Enquanto leigos e letrados execrarem apenas propinas, superfaturamentos e furtos no estamento estatal, combaterão apenas efeitos. A corrupção administrativa é fruto sistêmico da corrupção conceptual de estado. Estabelecida a hegemonia do conceito estatal esquerdo-populista, com superestrutura burocrática intervencionista, parasitária e perdulária, repleta de feudos corporativos próprios para a criação de dificuldades e venda de facilidades, é inevitável que o estado seja convertido por agentes públicos em instrumento de opressão das liberdades individuais e achaque de cidadãos vassalos. Por sua vez, a corrupção das funções do estado se origina na corrupção de valores, a mãe de todas as corrupções.

Cícero já alertava: “O orçamento nacional deve ser equilibrado. As dívidas devem ser reduzidas, a arrogância das autoridades deve ser moderada e controlada. Os pagamentos a governos estrangeiros devem ser reduzidos se a nação não quiser ir à falência. As pessoas devem, novamente, aprender a trabalhar, em vez de viver por conta pública”.


Rechaçar o projeto contra abuso de autoridade para não atrapalhar o combate à corrupção, parece ter sido uma estratégia tão perspicaz e eficiente quanto pedir ao establishment o impeachment da presidente corrupta, com base na mais leve das improbidades cometidas por ela, eufemizada de fraude fiscal para “pedalada”, no momento em que a corrupta já havia arruinado seu governo e estava prestes a arruinar não só da popularidade de seu corrupto antecessor e mentor, que pretendia nomear “primeiro ministro”, mas também a própria estrutura de suporte da corrupção, empregada pelos verdadeiros donos do poder para oprimir consciências e achacar o povo.

Quando estava concluindo este texto, ocorreu um episódio providencialmente confirmativo do que foi dito acima: o governo do falido Rio Grande do Sul, apresentou para votação na Assembleia Legislativa um tardio, mas imprescindível conjunto de propostas de reestruturação do provavelmente mais corporativista, parasitário, ineficiente e perdulário estado da federação.
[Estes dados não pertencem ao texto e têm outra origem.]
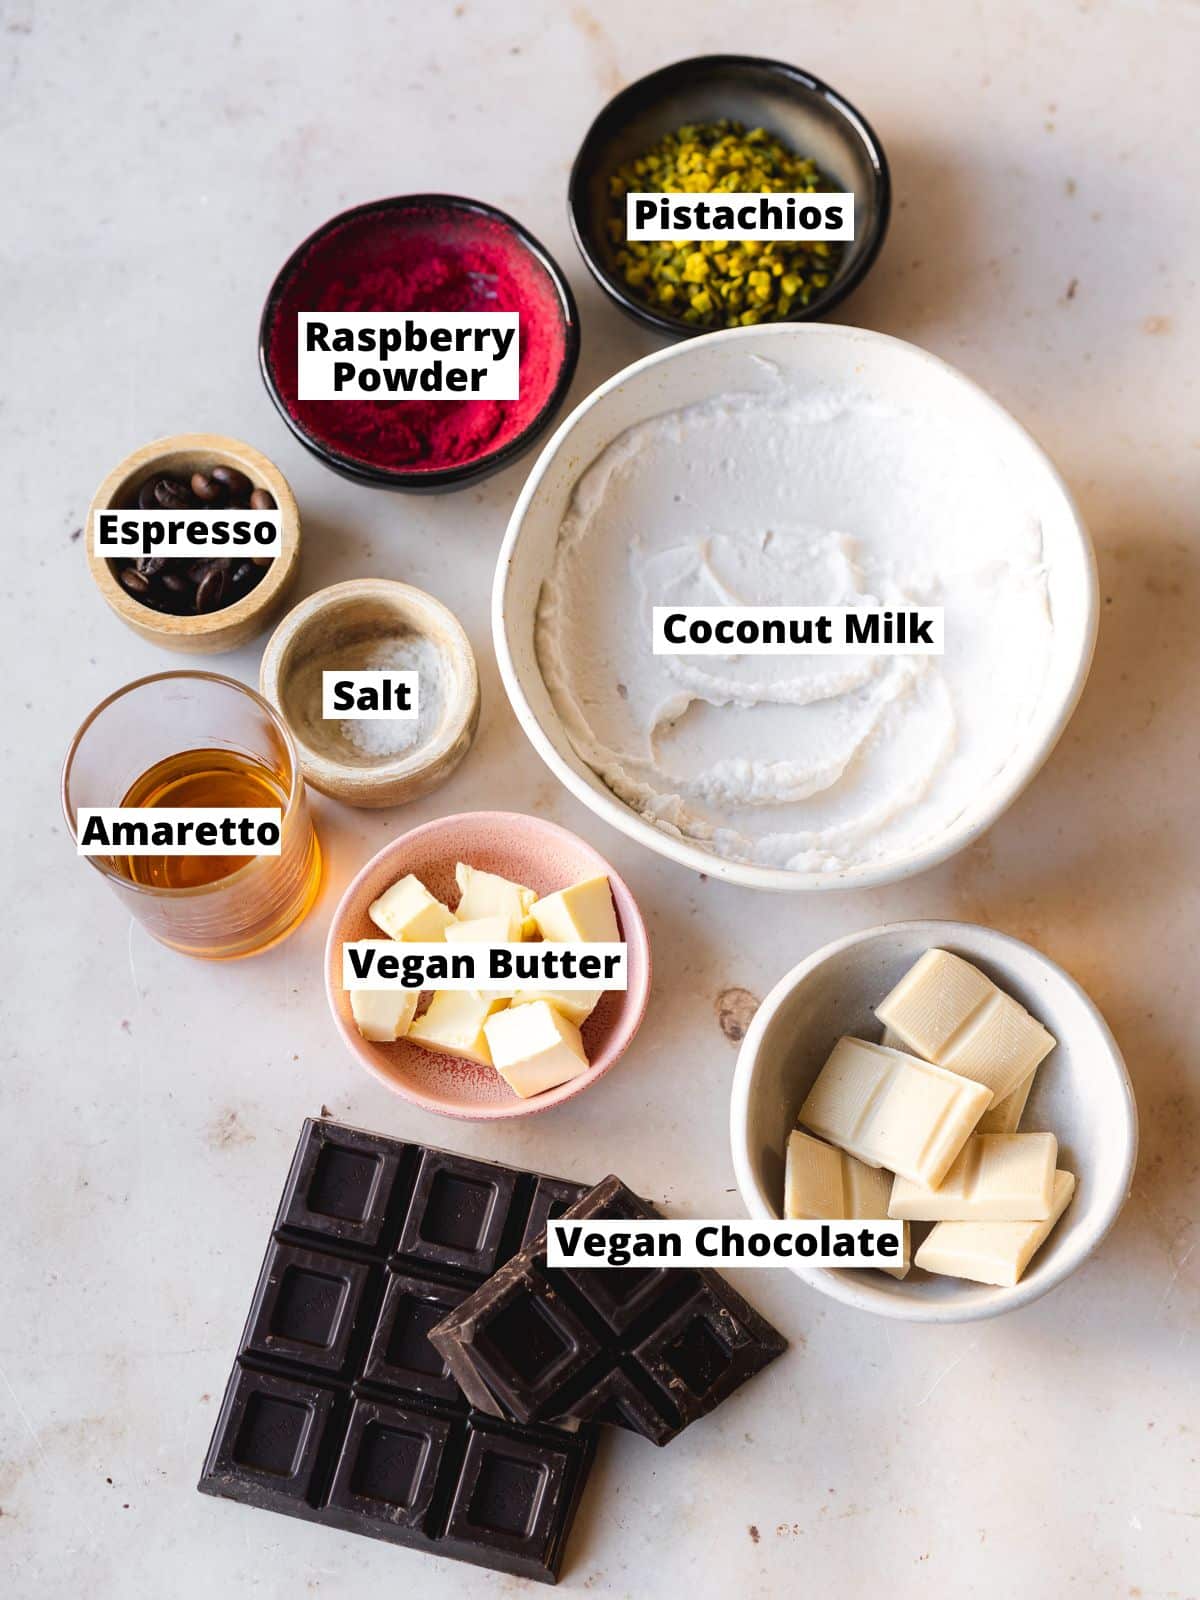 ingredients for chocolate truffles measured out in bowls.

Entre vários projetos que incluíam extinções e privatizações, um projeto determinava que o repasse financeiro ao poder judiciário fosse feito a partir da arrecadação efetivamente realizada pelo Estado (considerando a receita corrente líquida), e não mais pela previsão orçamentária votada no ano anterior, o que não corresponde aos valores reais de arrecadação. Evidentemente: nada mais justo! No entanto, bastou que juízes e promotores, os mais poderosos, privilegiados e salvaguardados agentes públicos, pressionassem os deputados com mensagens ameaçadoras, via celular, para que o projeto fosse rejeitado. Um dos deputados que votaram contra o projeto, mesmo pertencendo à base do governo, fundamentou seu voto: “voto contra, porque não quero me deparar com um juiz ‘mal-humorado’ em algum processo”. O voto do deputado mostrou-se condizente com postura da maioria dos eleitores, leigos e letrados, diante das ameaças dos juízes e promotores.
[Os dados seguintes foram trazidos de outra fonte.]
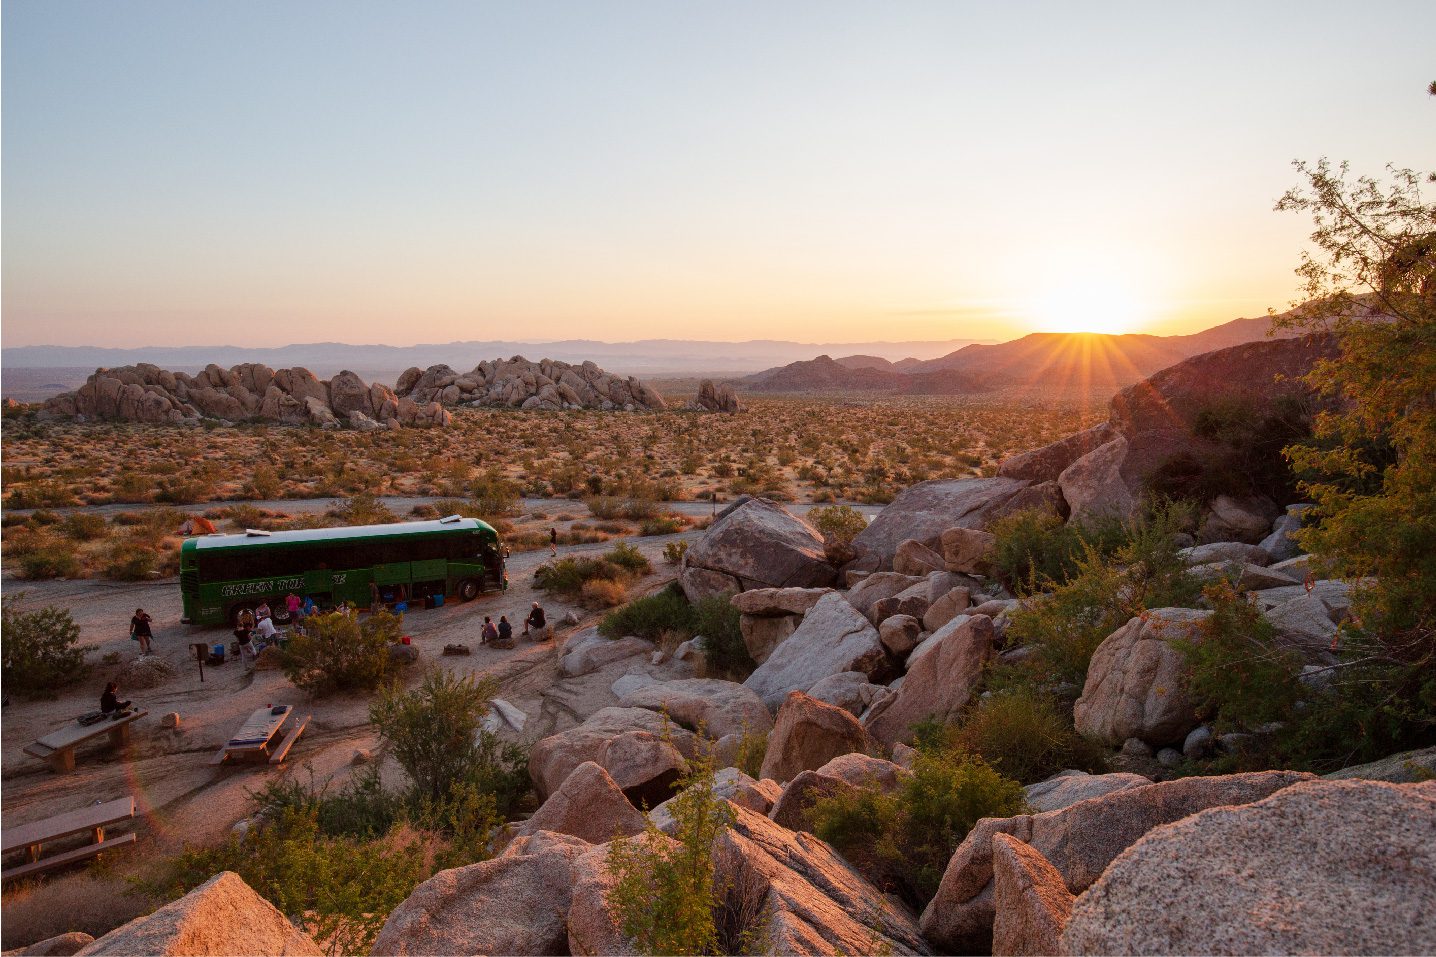 A group of explorers visiting Joshua Tree National park relax during a sunset. The mid-size group is lounging around the Green Tortoise adventure bus.

Como é fácil criticar políticos... mas criticar juízes, promotores e outros agentes vitalícios do estamento estatal... Ser um inimigo dos verdadeiros poderosos é terrível!

Nesse contexto só resta esperar pelo colapso do estado. Quem sabe assim, os homens ávidos de supersalários, prerrogativas, poder e status, se dirijam a outras áreas para se locupletar, e deixem espaço no estado para o ingresso de homens menos sequiosos de tudo isso e mais dotados de vocação e espírito público. Quem sabe, quando vier a falência do estado, as pessoas não se vejam obrigadas a rever seus valores, escutem os conselhos de Cícero, e aprendam a trabalhar em vez de viver por conta pública.